1932 Hornchurch Urban District Council election

5 of 13 seats to the Hornchurch Urban District Council
|  | First party | Second party | Third party |
|  | RA | IND | LAB |
| Party | Ratepayers | Independent | Labour |
| Seats before | 9 | 1 | 3 |
| Seats won | 3 | 2 | 0 |
| Seats after | 10 | 2 | 1 |
| Seat change | +1 | +1 | −2 |

= 1932 Hornchurch Urban District Council election =

1932 UK local government election

The seventh election to Hornchurch Urban District Council took place on 4 April 1932, for 5 of 13 council seats. The seats were last contested in 1929.

==Background==
In 1932 five of the seats were up for reelection:
- Harold Wood, 1 seat (out of 2)
- Hornchurch Village, 1 seat (out of 4)
- North West Hornchurch, 2 seats (out of 5)
- South Hornchurch, 1 seat (out of 1)

These seats were last contested three years prior at the election in 1929.

==Results==
Polling took place on 4 April 1932. The results are as follows:
===Harold Wood===

Harold Wood
| Party |  | Candidate | Votes | % | ±% |
|---|---|---|---|---|---|
|  | Independent | F. Davis | 581 |  |  |
|  | Labour | Willie Webb | 95 |  |  |
| Turnout |  |  |  |  |  |
|  | Independent hold |  | Swing |  |  |

===Hornchurch Village===

Hornchurch Village
| Party |  | Candidate | Votes | % | ±% |
|---|---|---|---|---|---|
|  | Ratepayers | Edgar Bratchell | 866 |  |  |
|  | Labour | Benjamin Tarr | 214 |  |  |
| Turnout |  |  |  |  |  |
|  | Ratepayers hold |  | Swing |  |  |

Edgar Bratchell died in office on 14 April 1934, causing a by-election on 14 June 1934.

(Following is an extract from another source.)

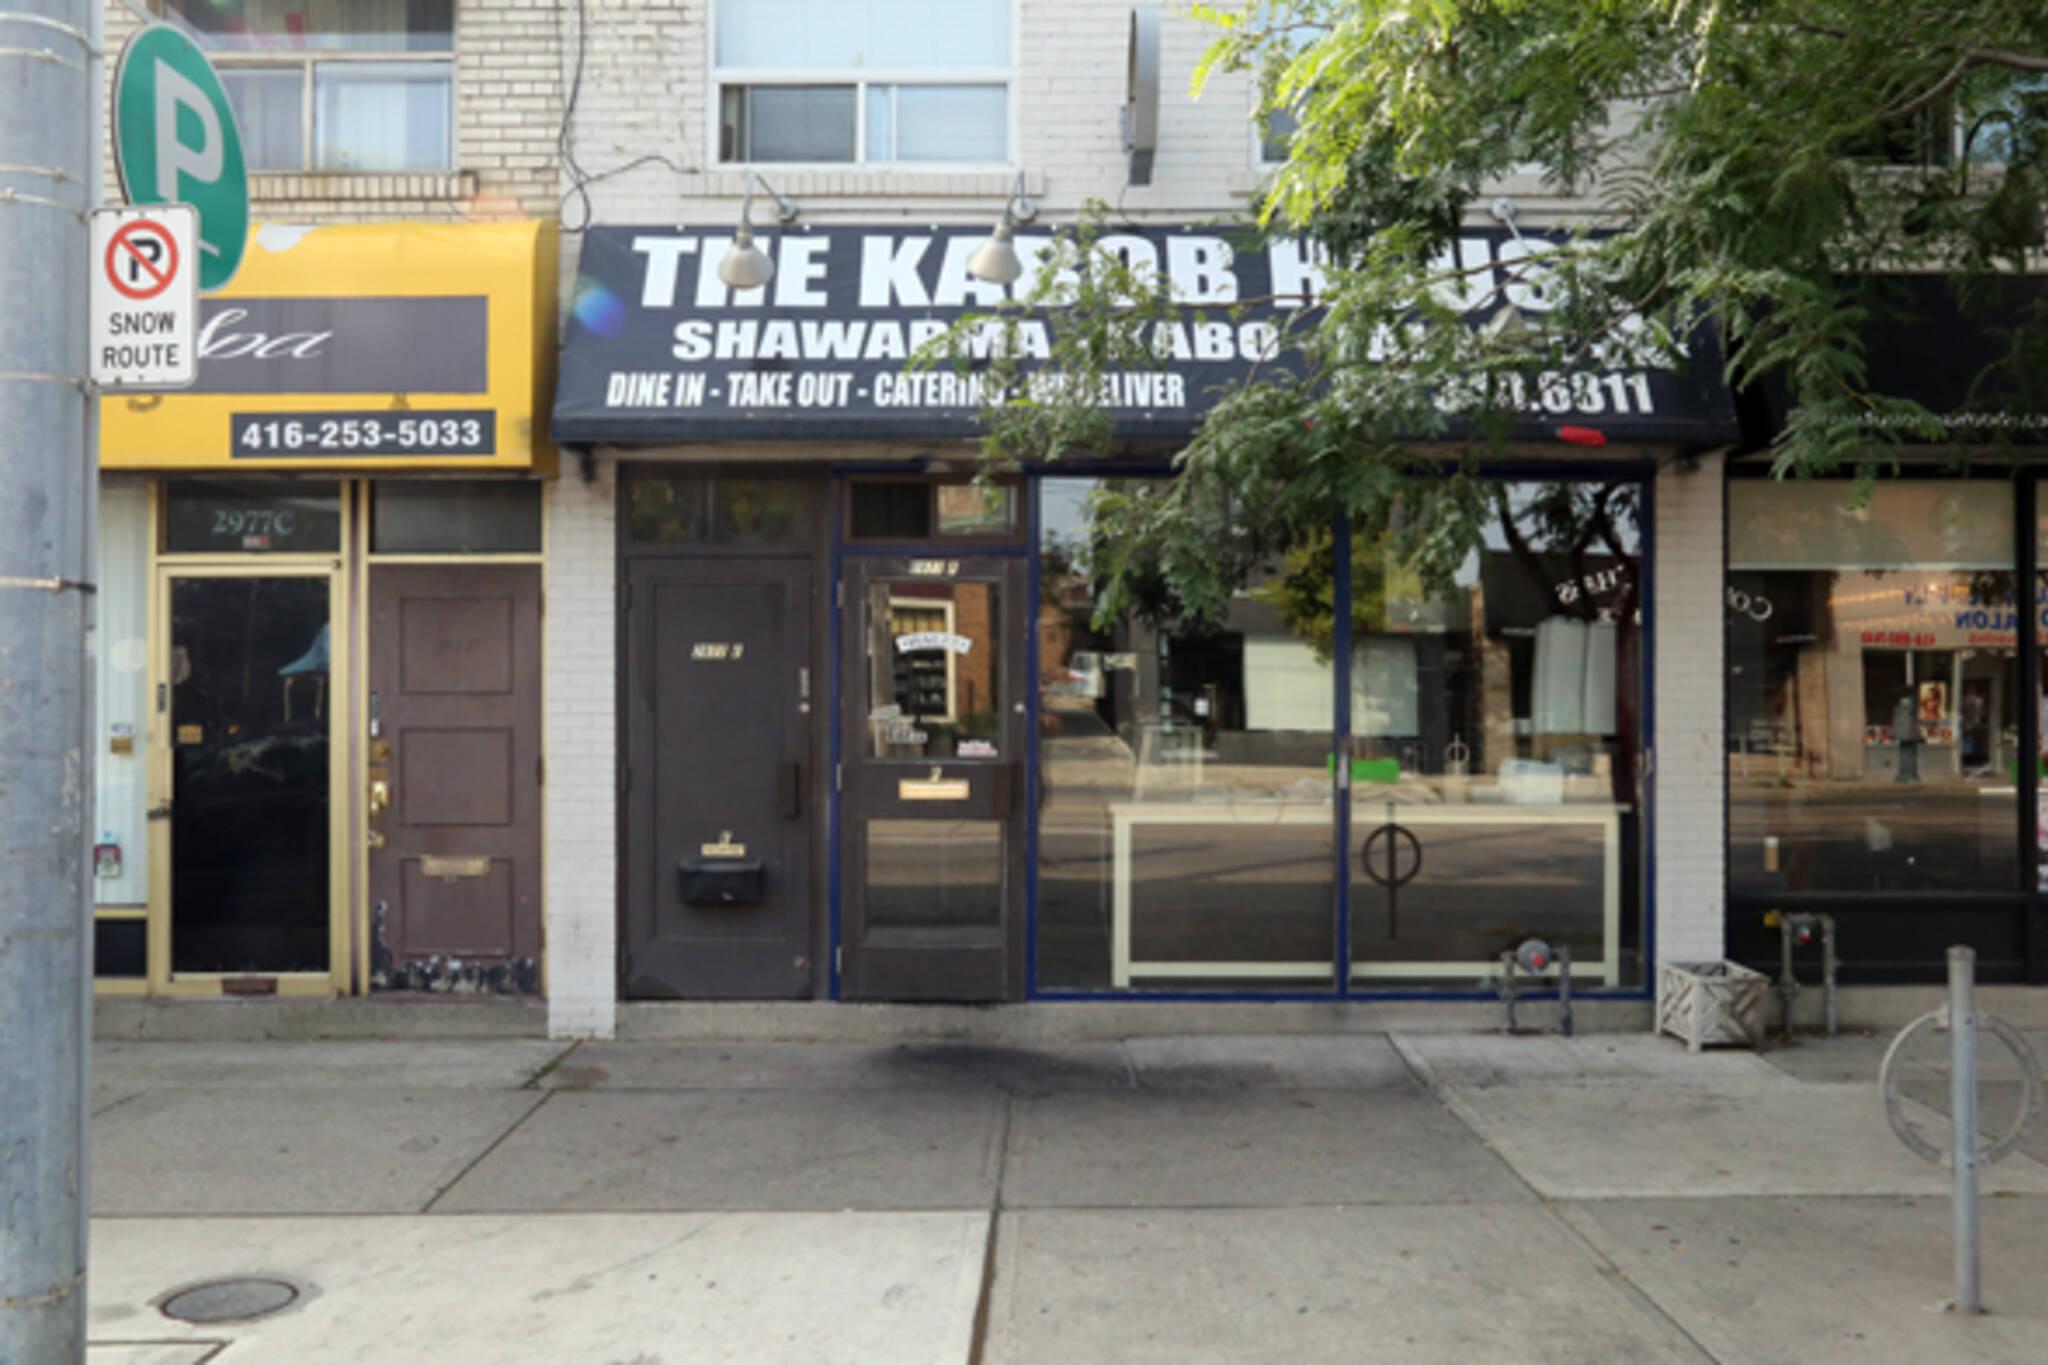 The Kabob House

===North West Hornchurch===

North West Hornchurch
| Party |  | Candidate | Votes | % | ±% |
|---|---|---|---|---|---|
|  | Ratepayers | John Matthews | 973 |  |  |
|  | Ratepayers | Florence Sherring | 953 |  |  |
|  | Labour | J. Matthews | 787 |  |  |
|  | Labour | T. Martin | 702 |  |  |
| Turnout |  |  |  |  |  |
|  | Ratepayers gain from Labour |  | Swing |  |  |
|  | Ratepayers hold |  | Swing |  |  |

===South Hornchurch===

South Hornchurch
| Party |  | Candidate | Votes | % | ±% |
|---|---|---|---|---|---|
|  | Independent | F. Standen | 247 |  |  |
|  | Labour | L. Mascall | 187 |  |  |
| Turnout |  |  |  |  |  |
|  | Independent gain from Labour |  | Swing |  |  |

F. Standen resigned on 15 May 1934, causing a by-election on 14 June 1934.